Pre-draft measurables
| Height | Weight | Arm length | Hand span | 40-yard dash | 20-yard shuttle | Three-cone drill | Vertical jump | Broad jump | Bench press |
| 6 ft 6+1⁄8 in (1.98 m) | 319 lb (145 kg) | 34+1⁄2 in (0.88 m) | 9+7⁄8 in (0.25 m) | 5.16 s | 4.43 s | 7.31 s | 39.0 in (0.99 m) | 9 ft 2 in (2.79 m) | 38 reps |
All values from NFL Combine/Pro Day

===Philadelphia Eagles===
Justice was selected in the second round with the 39th overall pick by the Philadelphia Eagles in the 2006 NFL draft. However, the Eagles did consider using their first round draft pick on him. Many considered him a first round pick because of his athleticism and other abilities.

His first NFL start came against the New York Giants on September 30, 2007. In the Eagles' 16–3 loss, Justice allowed six sacks. Justice was outmatched by defensive end Osi Umenyiora of the Giants in his first appearance in the NFL. Justice made his second career start against the Carolina Panthers on September 13, 2009, and played well against star defensive end Julius Peppers.

After starting right tackle Shawn Andrews was placed on injured reserve due to a back injury on September 15, 2009, Justice became the full-time starter at the position. Justice started all sixteen games in 2009.

On November 24, 2009, Justice was given a four-year contract extension, which put him under contract until the end of the 2013 season.

In 2010, he was the recipient of the Walter Payton Philadelphia Man of the Year award. Justice was also a player elected team representative and helped advocate for his teammates.

Justice was placed on the active/physically unable to perform list on July 28, 2011, due to a knee injury.
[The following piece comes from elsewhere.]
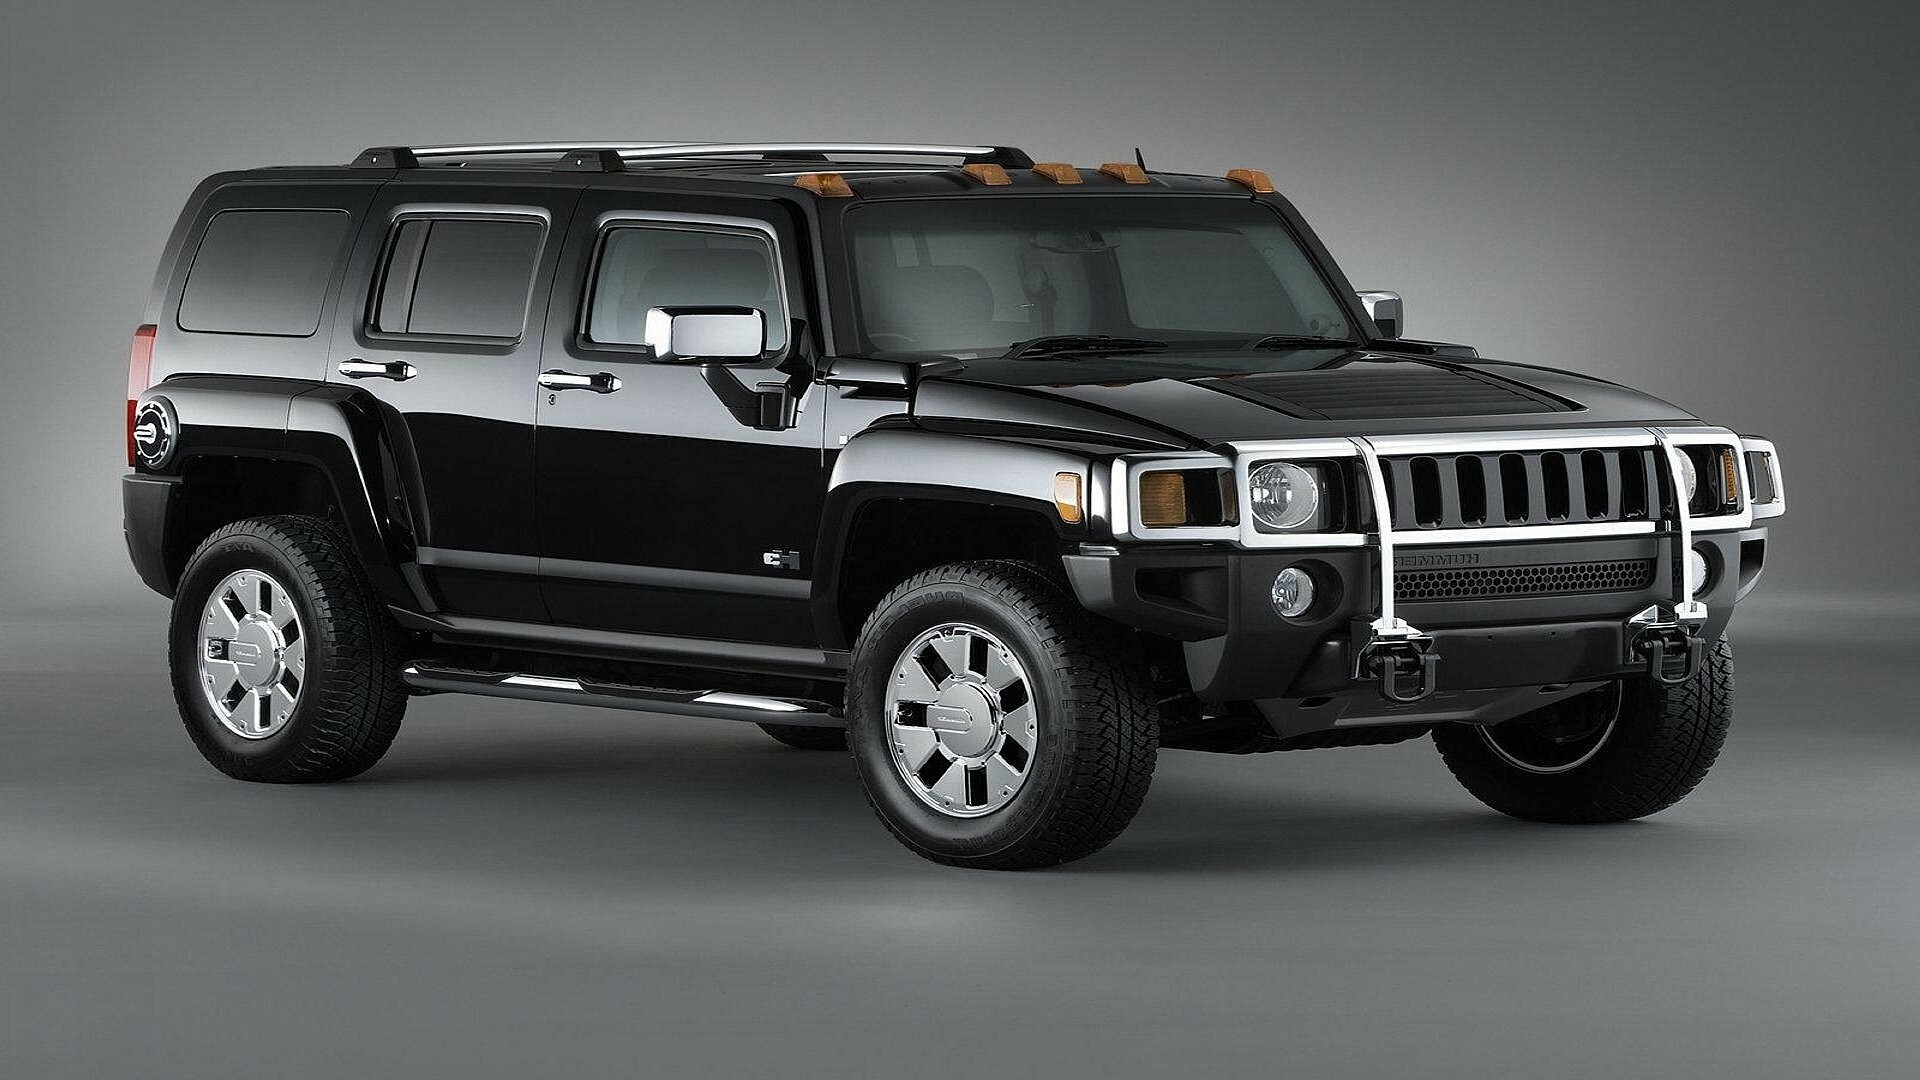 Hummer: The first two H1 models to be sold were purchased by Arnold Schwarzenegger. 1920x1080 Full HD Background.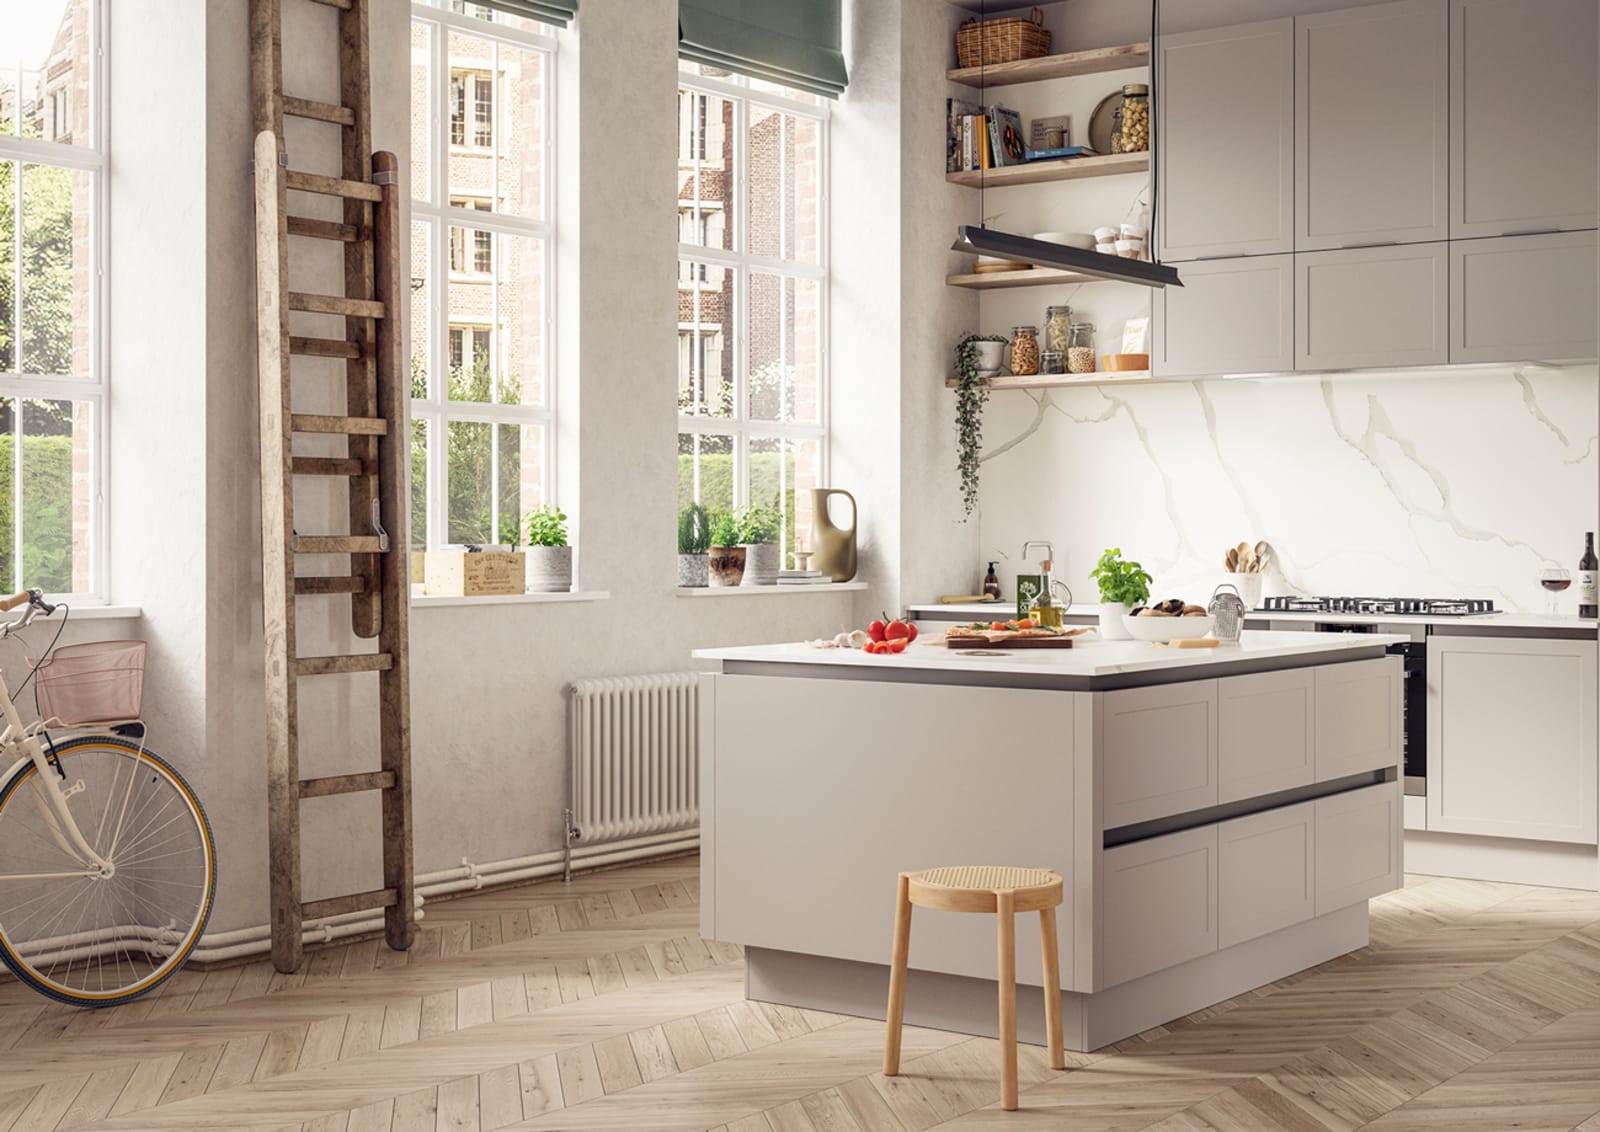 Integra Dunham Kitchen by Magnet. Premium painted matt finish with unique door style available in 20 colours.

He was activated on September 3.

===Indianapolis Colts===
Justice was traded to the Indianapolis Colts on March 14, 2012, along with the Eagles' sixth round pick in 2012 for the Colts' sixth round pick in 2012.

===Denver Broncos===
On September 18, 2013, the Denver Broncos signed Justice after starting left offensive tackle Ryan Clady suffered a season-ending foot sprain. In 2014, the Broncos re-signed Justice. He was released on August 25, 2014.

==Personal life==
Justice is a Christian. Justice has spoken about his faith, saying, "I work to glorify God. ... I think my goal is to be a great offensive tackle. But, my major goal is to glorify God. I want people to see Christ in me when I play. Not being fearful, to giving his all on every play."